In some hospitals, infusion pumps can remotely connect to electronic medical records and pull the correct medication dosage. The report suggest 73% of these infusion pumps are severely vulnerable to hacks.
It also struck me that running outdated Windows operating systems also poses a severe risk. The problem is that many of them are used almost continuously, which gives hospital security teams very little downtime to update them.
With the adoption of 5G technologies like in the examples above, the security question is even more important. Especially because of 5G itself could be vulnerable. There will be even more devices connected with each other and even more data will be shared among them. “This can raise the attack surface for these devices to a substantial scale, and the capacity for DDoS attacks, cryptojacking, and other cyberattacks could boost proportionally” (source).
Whereas most of the above is theoretical and might be different in practice, the security risks simply have to be taken seriously.
An idea how to secure data exchange between these devices is blockchain technology.

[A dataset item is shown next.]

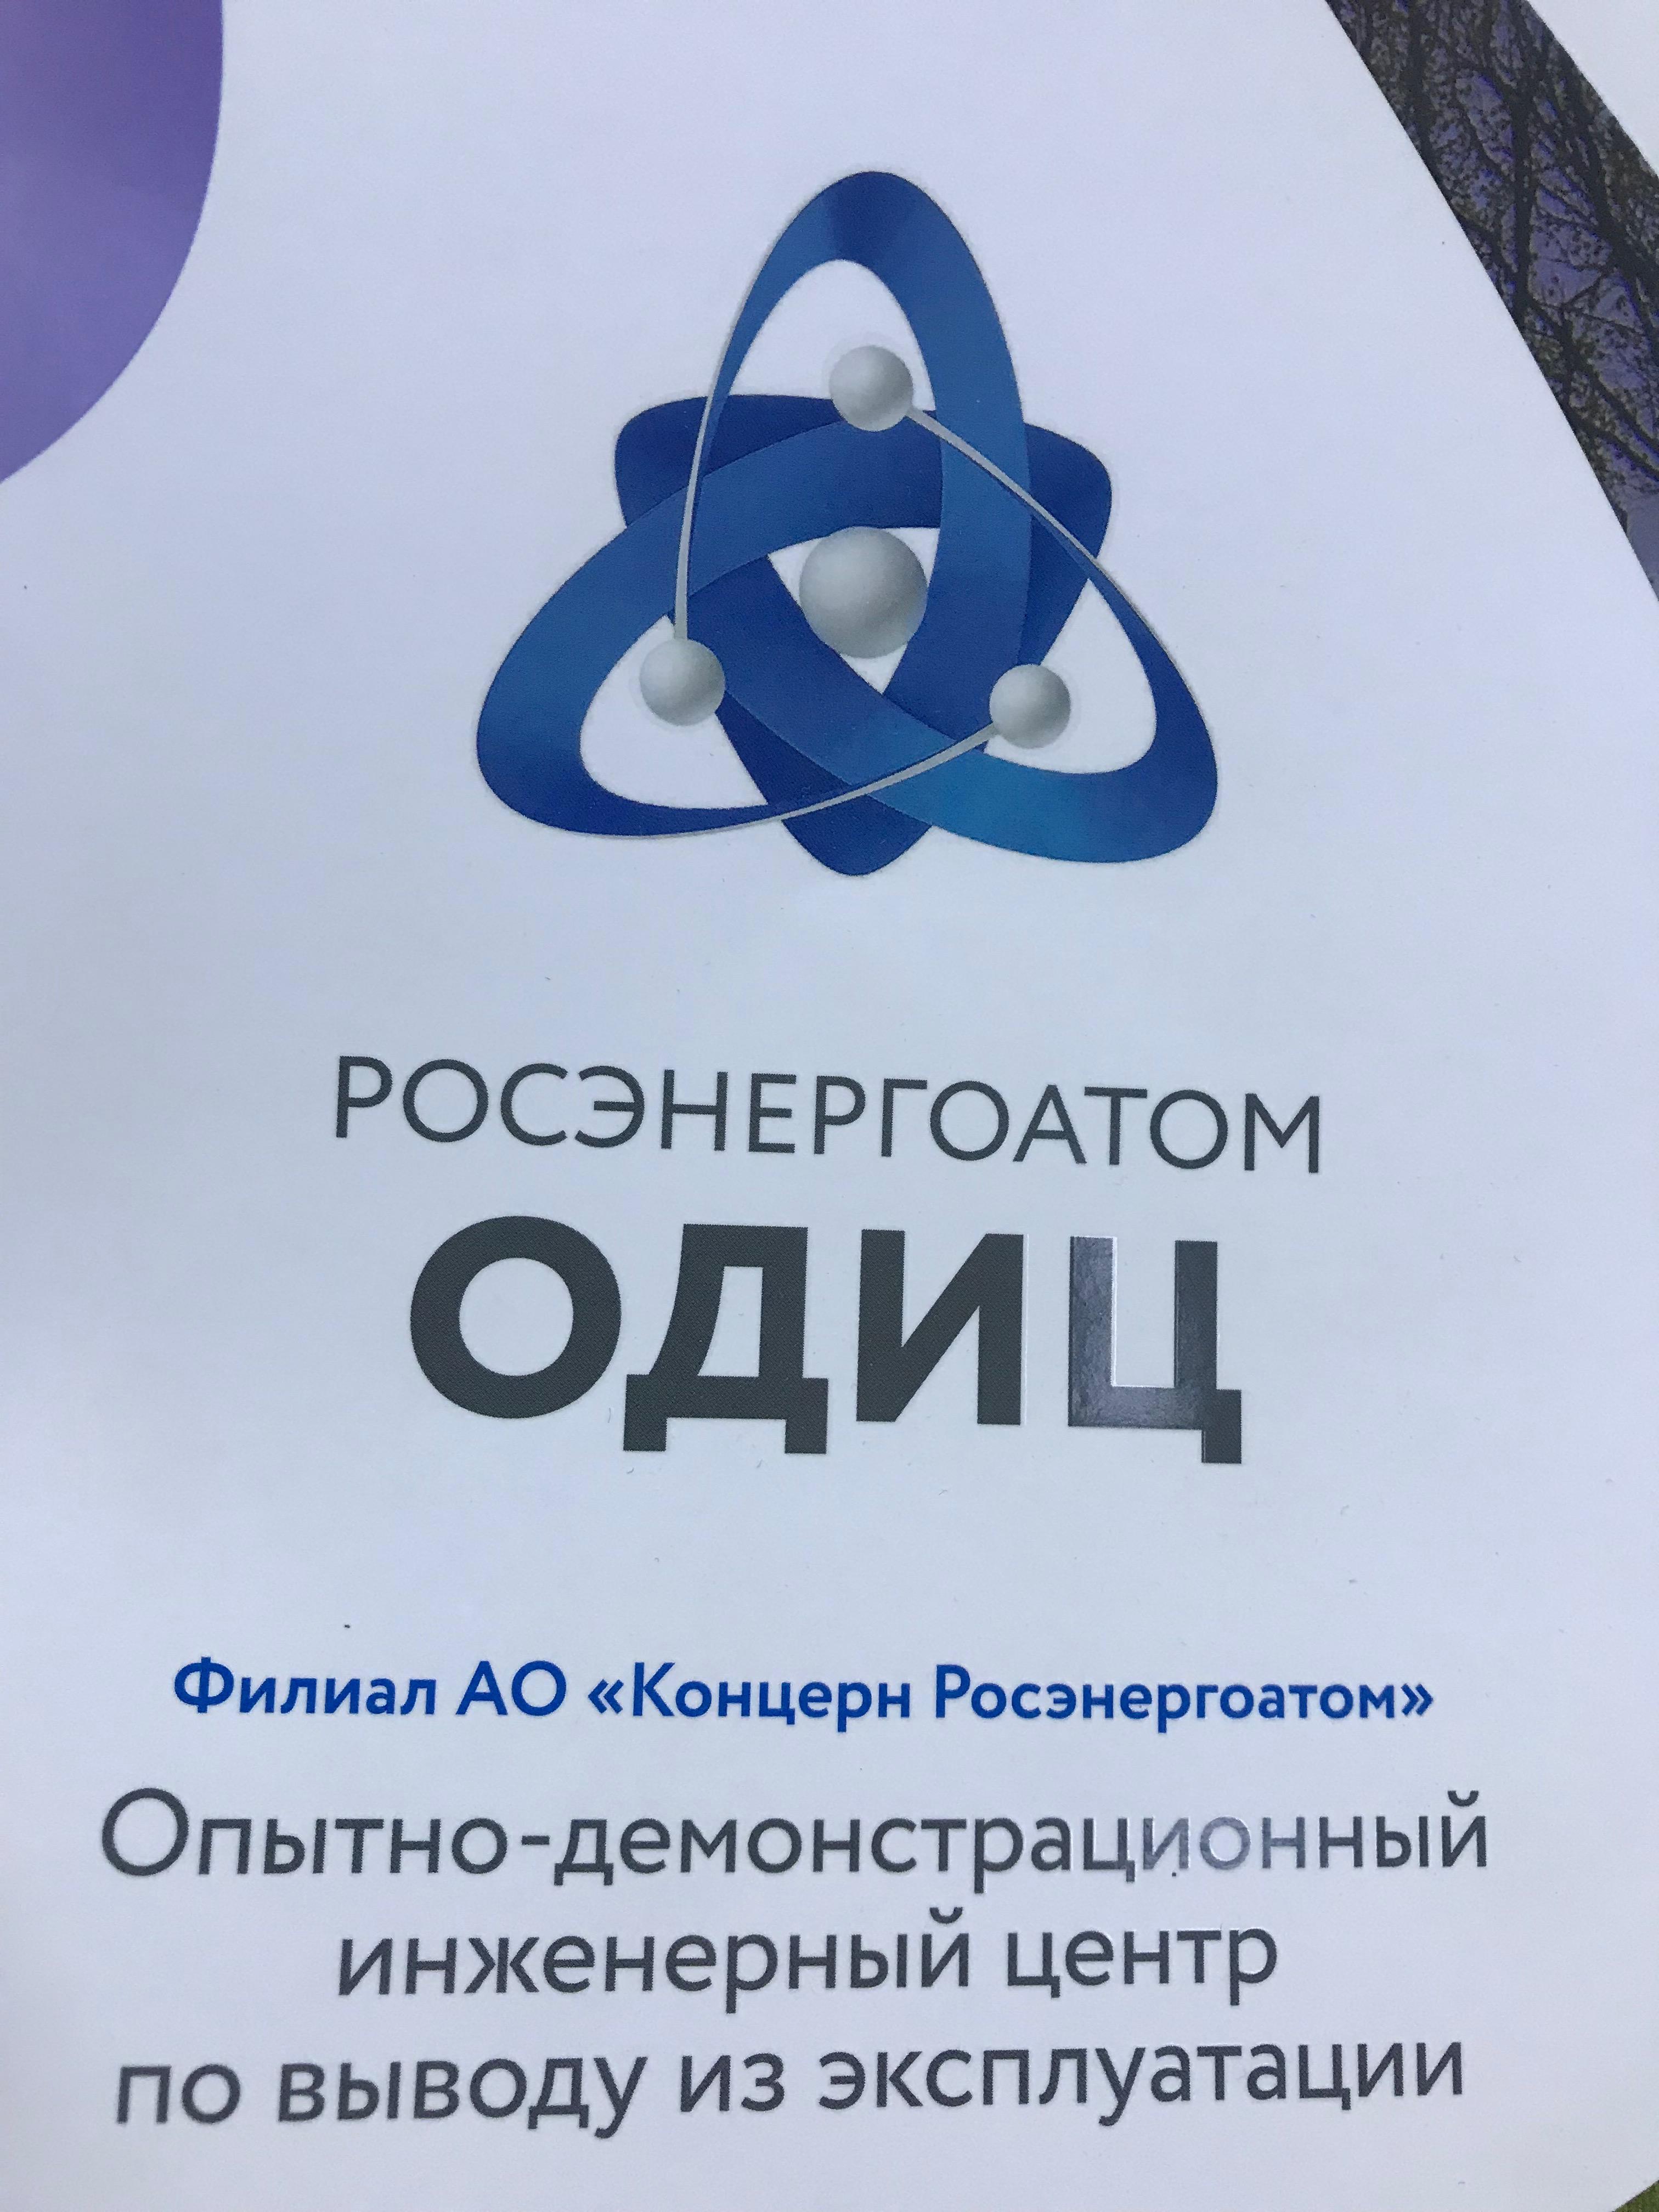 Поставка универсальной климатической установки в ОДИЦ

IOTA is a type of blockchain built as the distributed ledger specifically for IoT (and Internet of Everything). It overcomes the cost and scalability limitations of blockchain. This means it uses relatively little energy, has no transaction fees, and runs quickly. Another advantage is that it’s distributed, which increases its security. There are already concrete examples of using IOTA in data transfer between devices.
I think such applications of blockchain technologies are very valuable and useful. But most importantly, they solve real problems. The challenge is always applying these solutions in real-life. But I remain optimistic that because IoT is inevitable, so are the solutions to its problems.